60 LMT of sugar can be diverted for ethanol production
According to data released by the government, every sugar season (October- September), production of sugar is around 320-330 Lakh Metric Tonne (LMT) as against the domestic consumption of 260 LMT, which results in huge carry over stock of sugar with mills. Due to excess availability of sugar in the country, the ex-mill prices of sugar remain subdued resulting in cash loss to sugar mills. This excess stock of 60 LMT, which leads to blockage of funds and affects the liquidity of sugar mills resulting in accumulation of cane price arrears, can easily be diverted for ethanol production for the blending programme.
“With a view to prevent cash loss to sugar mills caused due to subdued sugar prices, the government in June 2018 introduced the concept of Minimum Selling Price (MSP) of sugar and fixed the MSP of sugar at Rs 29/ kg which was revised to Rs 31/ kg wef 14.02.2019,” said the statement.

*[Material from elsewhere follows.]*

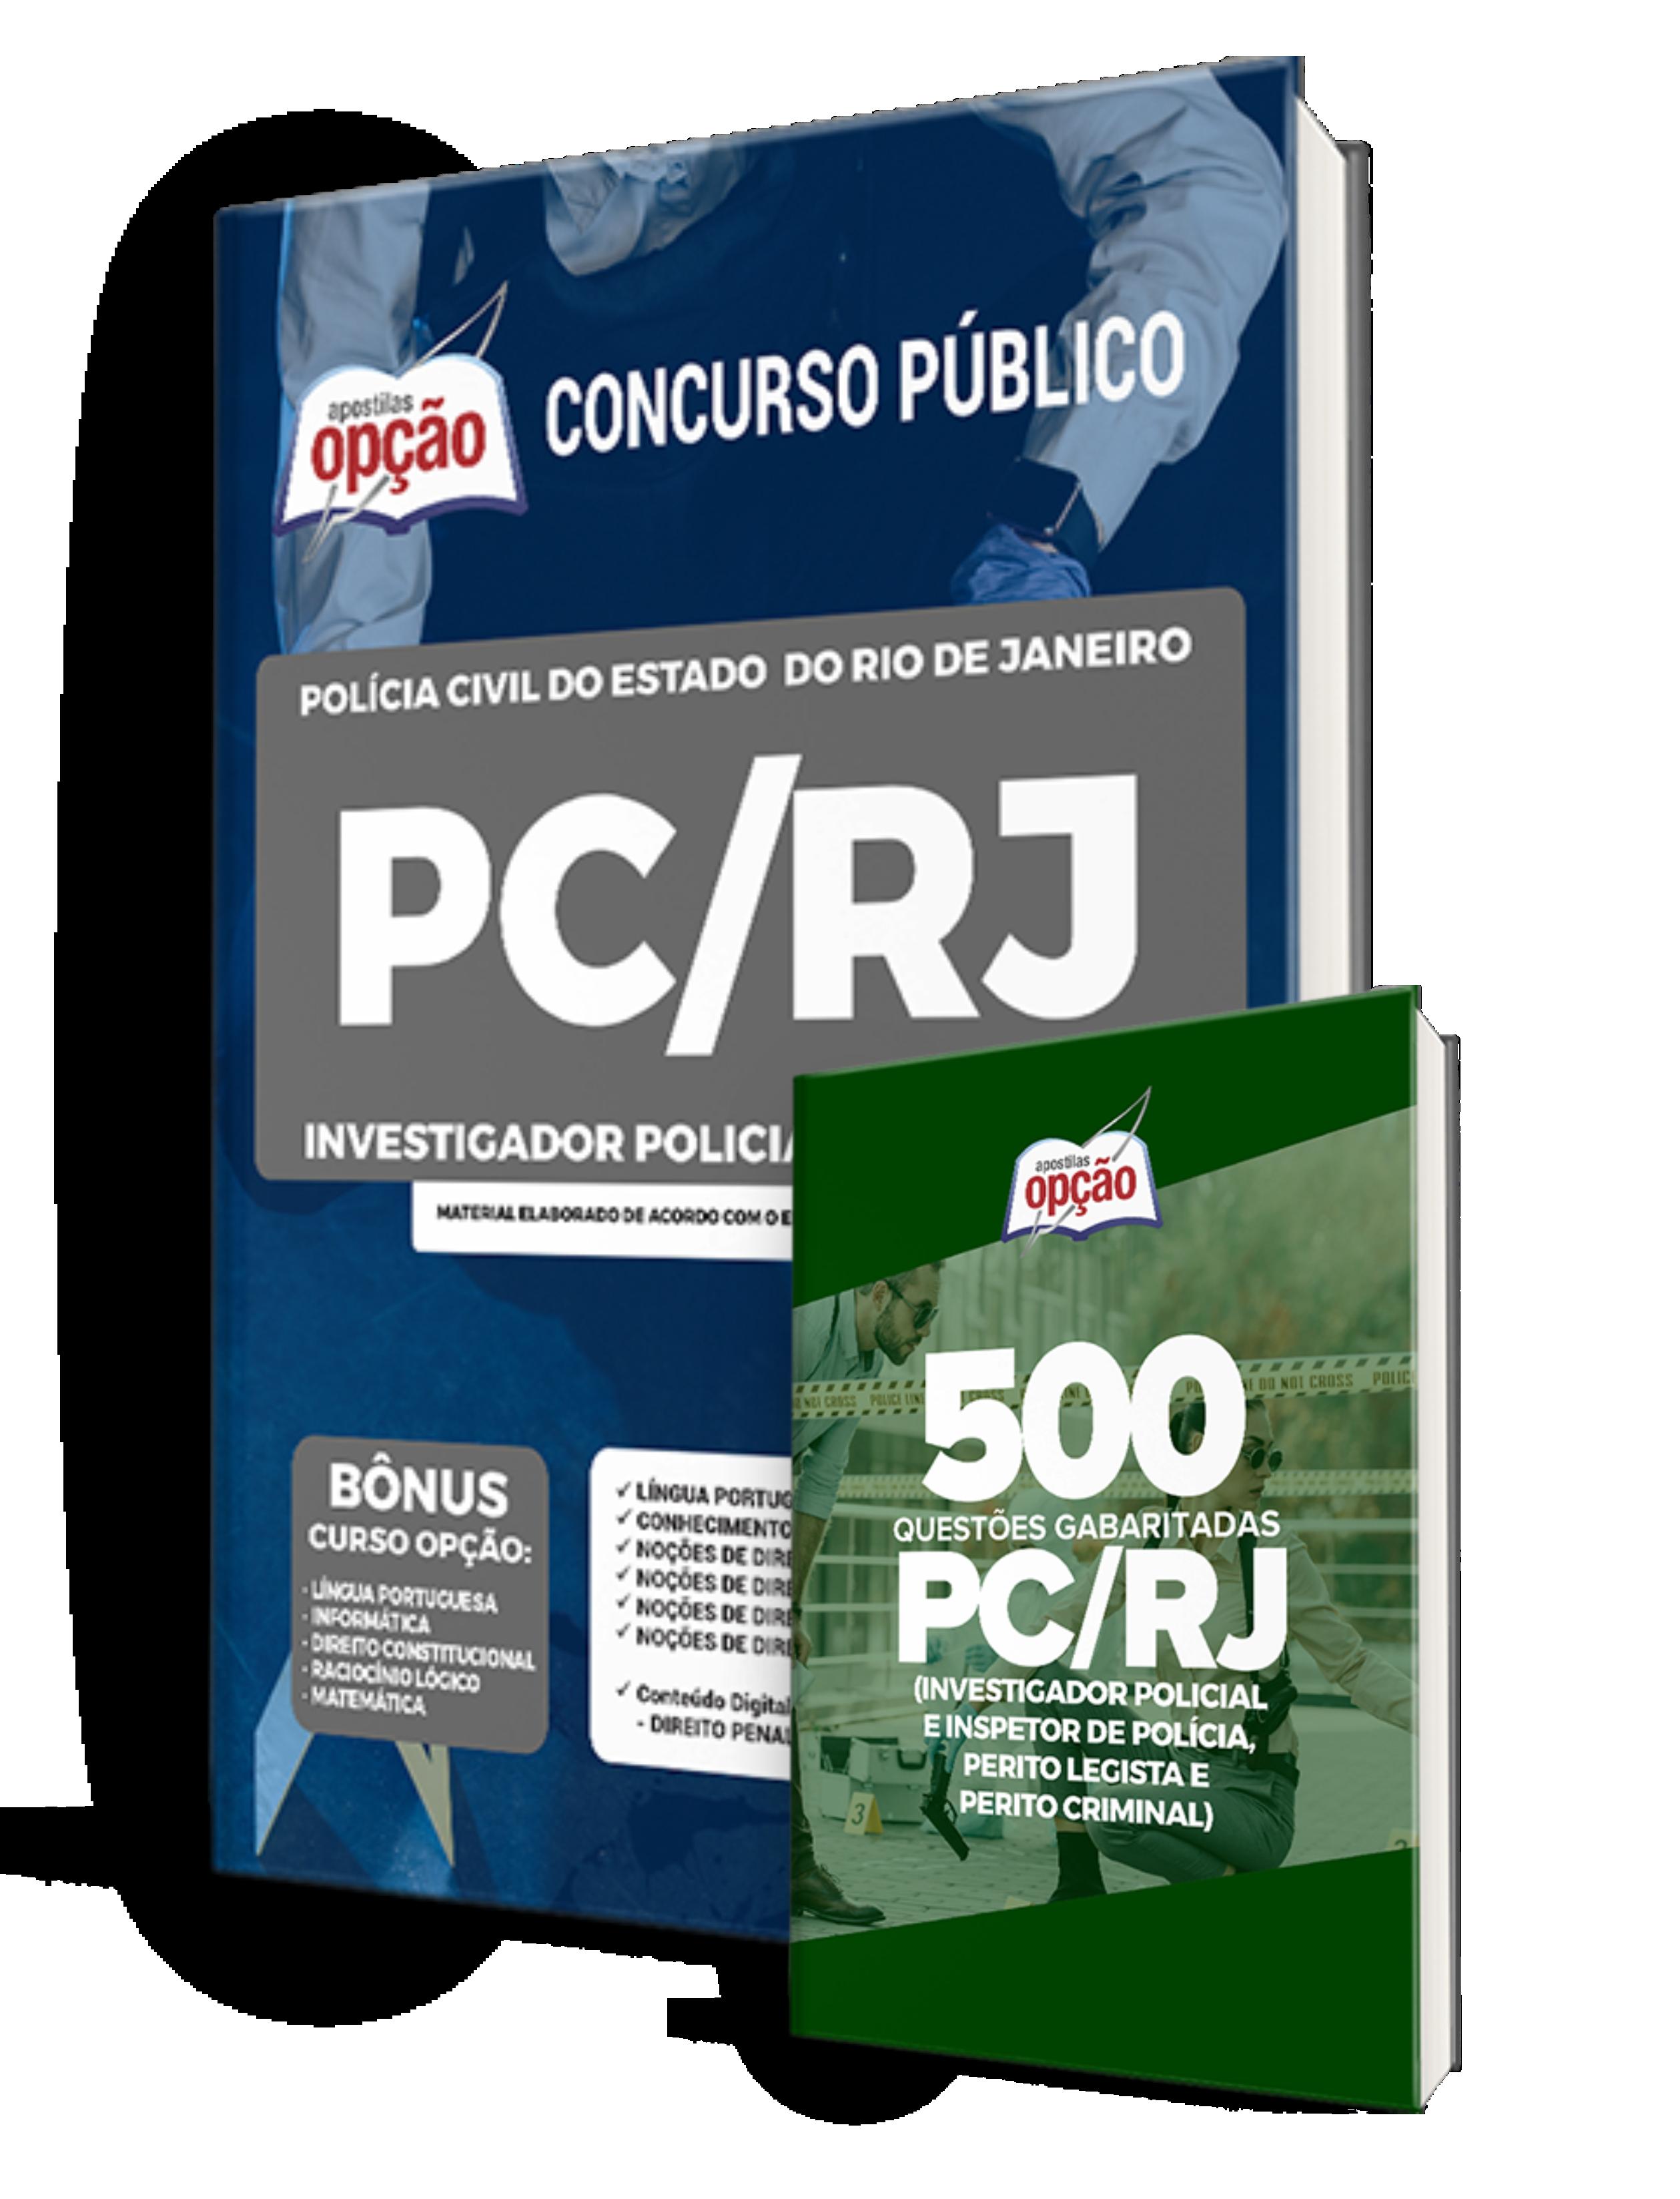 Combo PC-RJ - Investigador Policial 3ª Classe

To liquidate excess stocks, the Centre has also been extending assistance to sugar mills to facilitate export of sugar. In sugar seasons 2017-18, 2018-19 and 2019-20, about 6.2 LMT, 38 LMT and 59.60 LMT of sugar was exported. In previous sugar season 2020-21, against a target of 60 LMT, contracts of about 70 LMT had been signed, 67 LMT had been lifted from mills and more than 60 LMT had been exported till September 28. The international prices of sugar are in uptrend, so, contracts for export of about 15 LMT have been signed to export sugar in the sugar season 2021-22 and that too without announcement of any export subsidy. It is expected that in the sugar season 2021-22 as well, India can export about 60 LMT of sugar.
The Centre is taking several steps for diversion of sugar to ethanol. In order to find a permanent solution to address the problem of excess sugar, the government is encouraging sugar mills to divert excess sugarcane to ethanol. The Centre has fixed a target of 10 percent blending of fuel grade ethanol with petrol by 2022 and 20 percent blending by 2025.
It is expected that in the current ethanol supply year 2020-21 (December-November), about 300-325 crore litres of ethanol is likely to be supplied to OMCs to achieve 8-8.5 percent blending levels. As on September 26, against the contracts of 349 crore litres, 252 crore litres of ethanol have been supplied by sugar mills, distilleries to OMCs for blending with petrol, thereby achieving 8 percent blending.